WHAT TO DO: Everything from the line containing "The Great Buddah" through the line containing "Fulbat FTX7A-BS MF" should be repeated exactly, and nothing else from the data.

SOURCE INFORMATION:
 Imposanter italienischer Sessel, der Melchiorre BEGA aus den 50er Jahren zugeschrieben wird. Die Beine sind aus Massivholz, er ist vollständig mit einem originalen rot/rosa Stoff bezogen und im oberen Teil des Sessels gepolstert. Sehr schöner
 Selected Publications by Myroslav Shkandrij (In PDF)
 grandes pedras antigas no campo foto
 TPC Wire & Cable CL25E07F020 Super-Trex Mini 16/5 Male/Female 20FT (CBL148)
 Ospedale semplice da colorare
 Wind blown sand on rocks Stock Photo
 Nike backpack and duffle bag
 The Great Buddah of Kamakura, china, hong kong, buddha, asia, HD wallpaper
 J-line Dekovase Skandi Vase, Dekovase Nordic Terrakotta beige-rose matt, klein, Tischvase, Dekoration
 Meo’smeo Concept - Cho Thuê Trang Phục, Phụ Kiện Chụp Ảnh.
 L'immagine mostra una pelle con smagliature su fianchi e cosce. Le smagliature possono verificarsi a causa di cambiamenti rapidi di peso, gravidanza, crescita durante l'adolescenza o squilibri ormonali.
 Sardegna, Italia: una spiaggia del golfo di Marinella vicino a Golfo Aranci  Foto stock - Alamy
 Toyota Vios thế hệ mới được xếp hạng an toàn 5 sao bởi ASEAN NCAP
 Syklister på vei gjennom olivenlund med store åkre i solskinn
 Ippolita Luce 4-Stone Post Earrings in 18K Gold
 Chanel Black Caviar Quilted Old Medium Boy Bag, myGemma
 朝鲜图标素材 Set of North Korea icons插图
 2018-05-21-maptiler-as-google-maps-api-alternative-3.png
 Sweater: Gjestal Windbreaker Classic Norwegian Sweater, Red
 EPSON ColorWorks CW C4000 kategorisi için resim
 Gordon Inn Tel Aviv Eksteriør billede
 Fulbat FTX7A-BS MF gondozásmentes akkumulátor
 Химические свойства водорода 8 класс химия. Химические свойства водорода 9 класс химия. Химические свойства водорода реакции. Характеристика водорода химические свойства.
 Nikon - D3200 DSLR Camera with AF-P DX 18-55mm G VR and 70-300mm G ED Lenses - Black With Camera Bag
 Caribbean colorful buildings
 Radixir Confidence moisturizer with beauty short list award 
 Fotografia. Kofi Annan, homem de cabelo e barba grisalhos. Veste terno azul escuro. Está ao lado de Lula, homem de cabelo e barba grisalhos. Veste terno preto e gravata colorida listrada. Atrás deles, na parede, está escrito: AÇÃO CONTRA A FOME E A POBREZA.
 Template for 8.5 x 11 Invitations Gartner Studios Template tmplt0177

EXERCISE ANSWER:
 The Great Buddah of Kamakura, china, hong kong, buddha, asia, HD wallpaper
 J-line Dekovase Skandi Vase, Dekovase Nordic Terrakotta beige-rose matt, klein, Tischvase, Dekoration
 Meo’smeo Concept - Cho Thuê Trang Phục, Phụ Kiện Chụp Ảnh.
 L'immagine mostra una pelle con smagliature su fianchi e cosce. Le smagliature possono verificarsi a causa di cambiamenti rapidi di peso, gravidanza, crescita durante l'adolescenza o squilibri ormonali.
 Sardegna, Italia: una spiaggia del golfo di Marinella vicino a Golfo Aranci  Foto stock - Alamy
 Toyota Vios thế hệ mới được xếp hạng an toàn 5 sao bởi ASEAN NCAP
 Syklister på vei gjennom olivenlund med store åkre i solskinn
 Ippolita Luce 4-Stone Post Earrings in 18K Gold
 Chanel Black Caviar Quilted Old Medium Boy Bag, myGemma
 朝鲜图标素材 Set of North Korea icons插图
 2018-05-21-maptiler-as-google-maps-api-alternative-3.png
 Sweater: Gjestal Windbreaker Classic Norwegian Sweater, Red
 EPSON ColorWorks CW C4000 kategorisi için resim
 Gordon Inn Tel Aviv Eksteriør billede
 Fulbat FTX7A-BS MF gondozásmentes akkumulátor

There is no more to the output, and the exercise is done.